• _Task to complete_: Would you copy the lines below exactly and omit the images?

• _Data extract_:
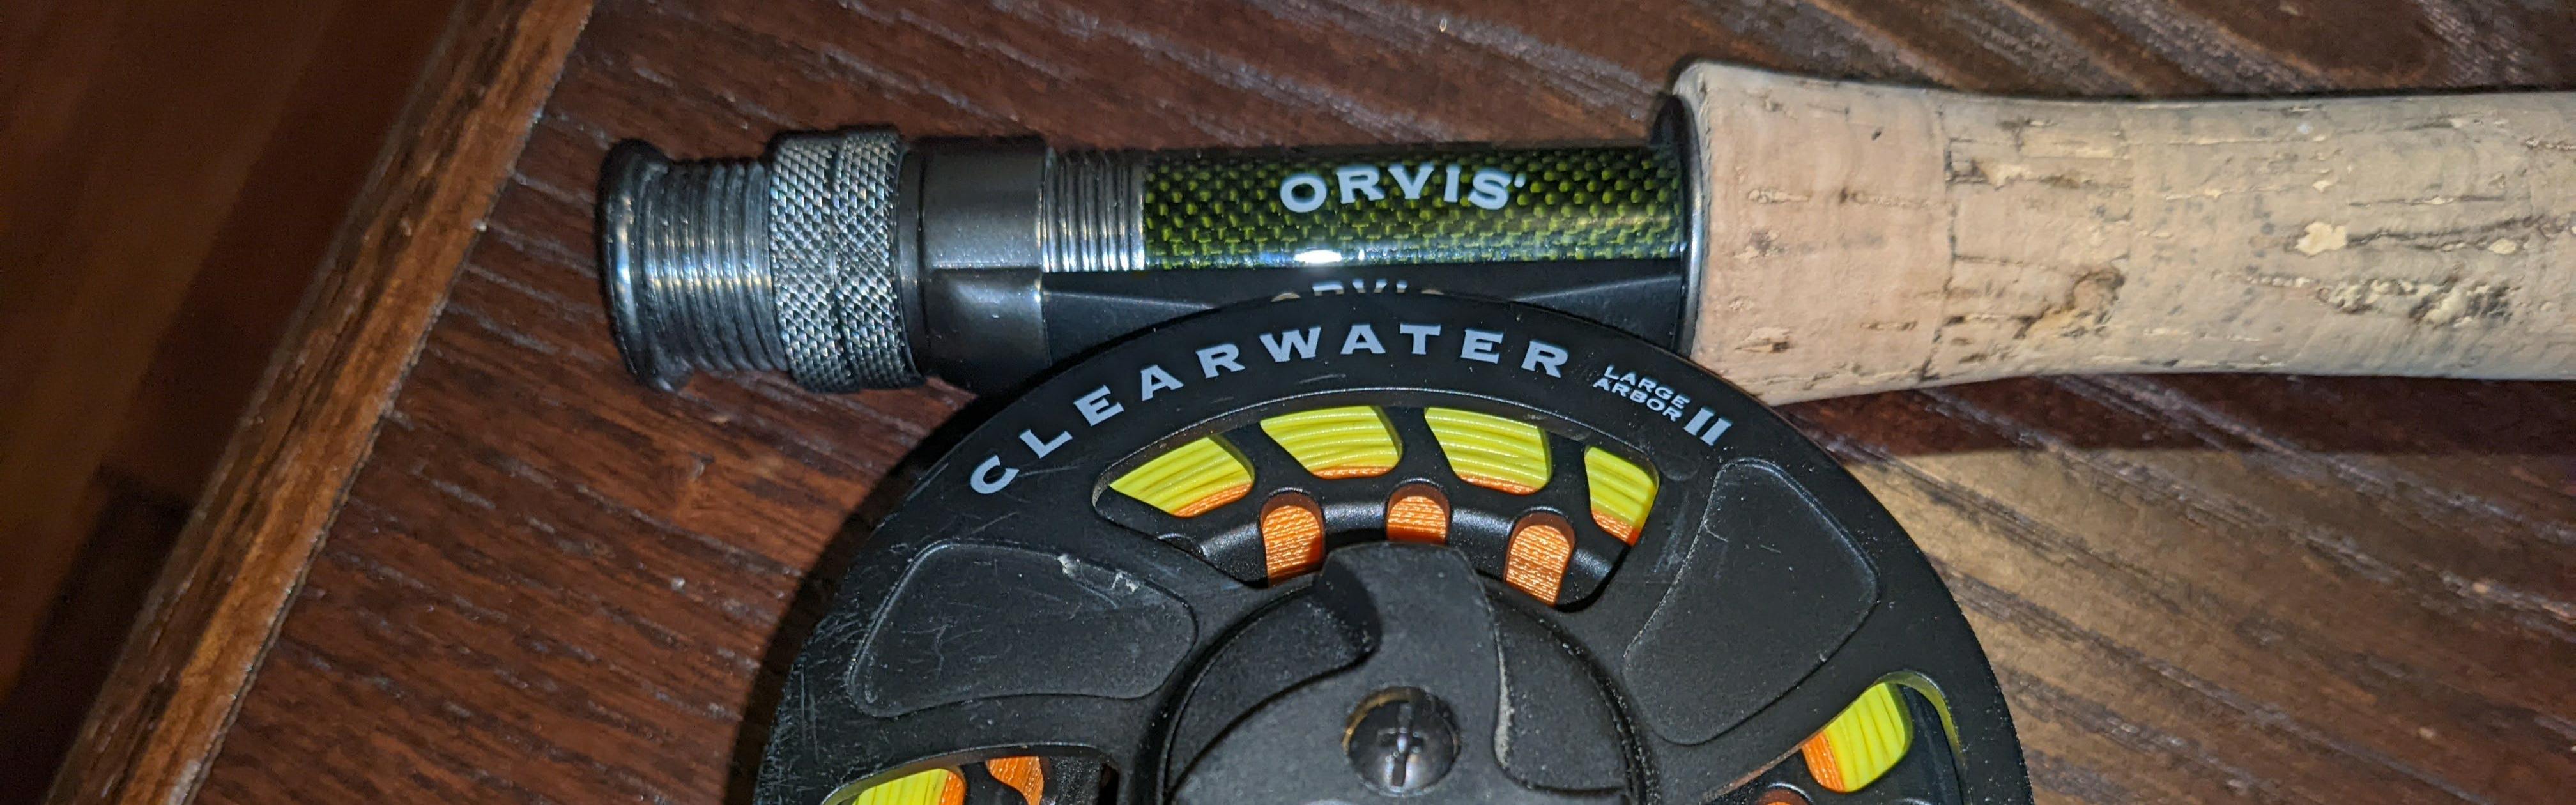 Expert Review: Orvis Clearwater Fly Rod Outfit
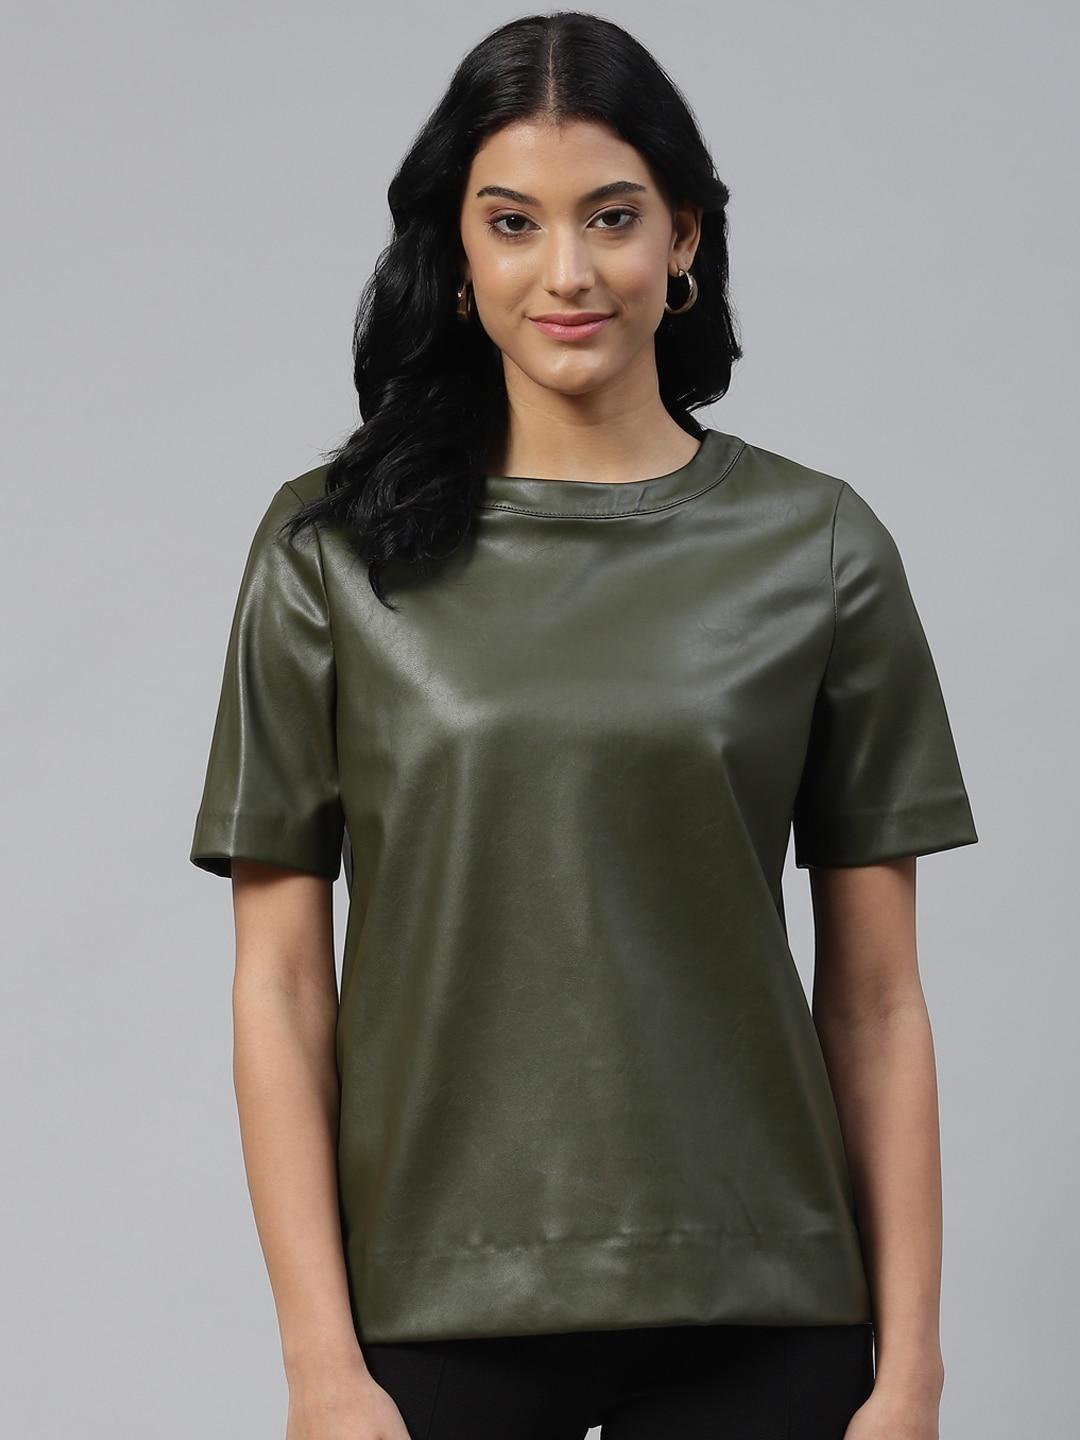 marks & spencer olive green solid faux leather top
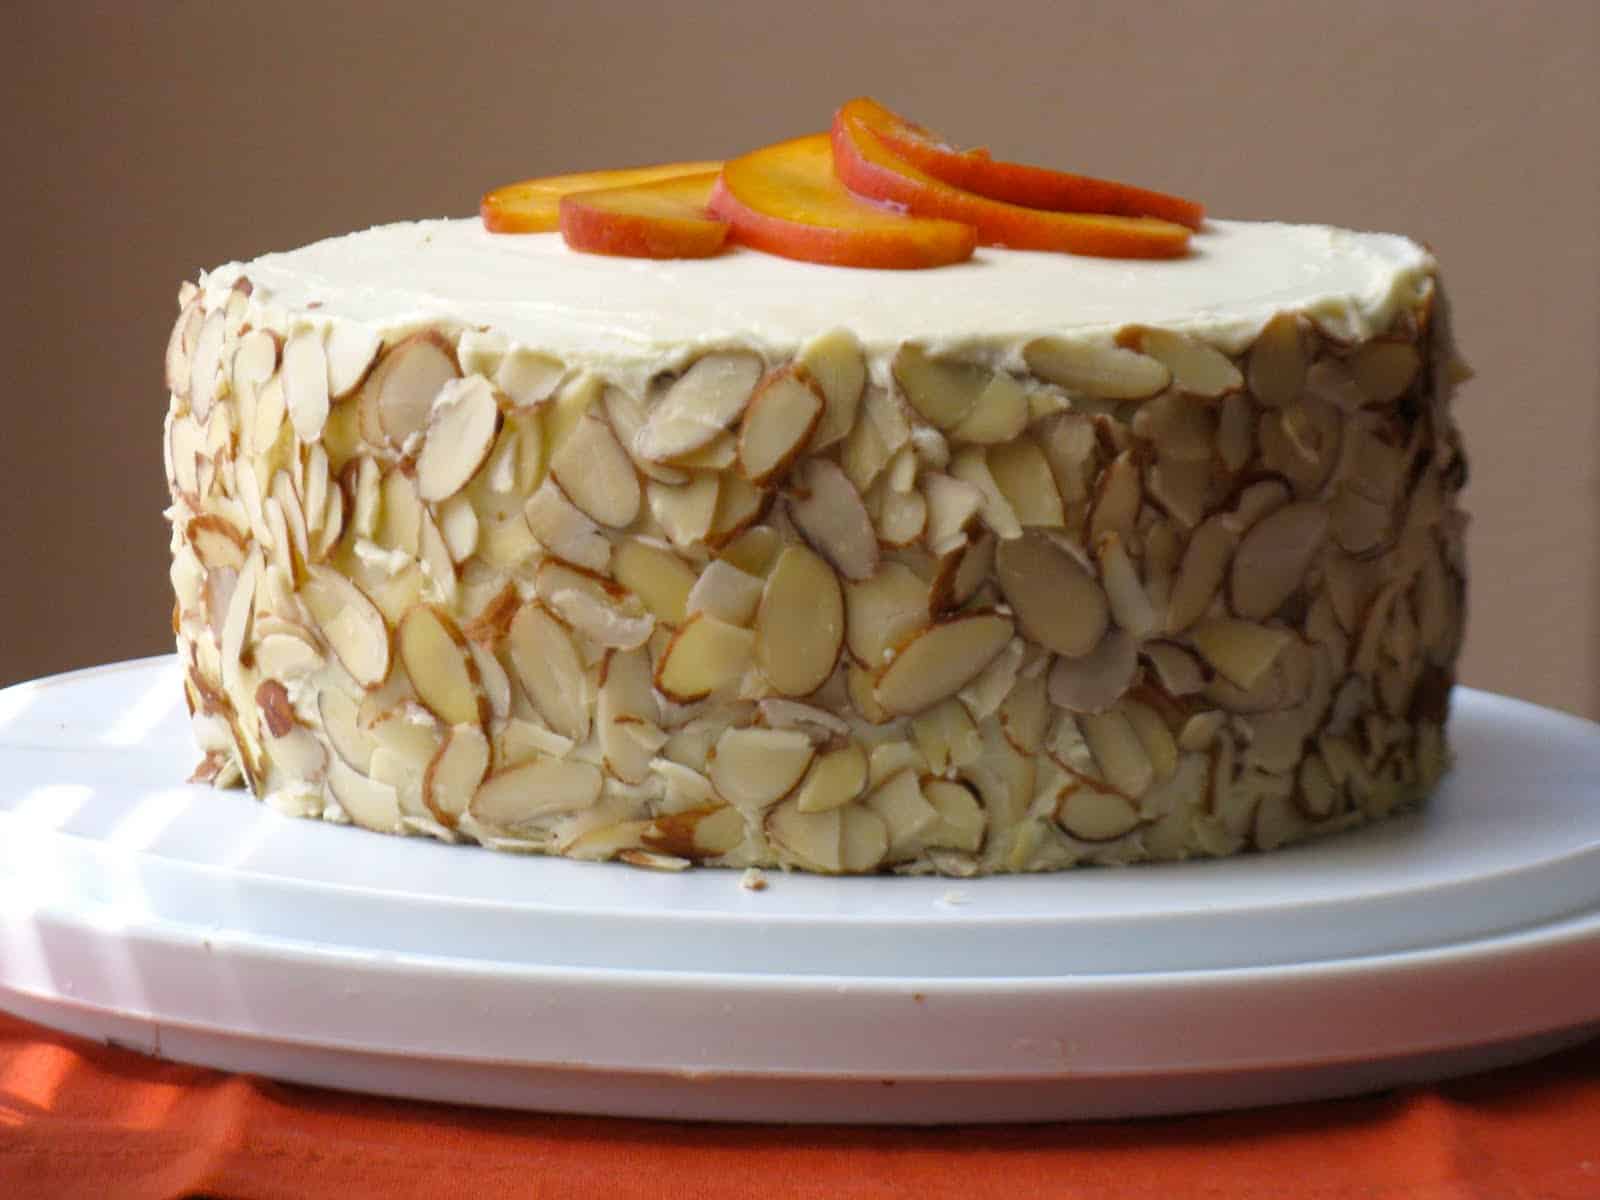 White chocolate layer cake with apricot filling and white chocolate buttercream

• _Exercise answer_:
 Expert Review: Orvis Clearwater Fly Rod Outfit
 marks & spencer olive green solid faux leather top
 White chocolate layer cake with apricot filling and white chocolate buttercream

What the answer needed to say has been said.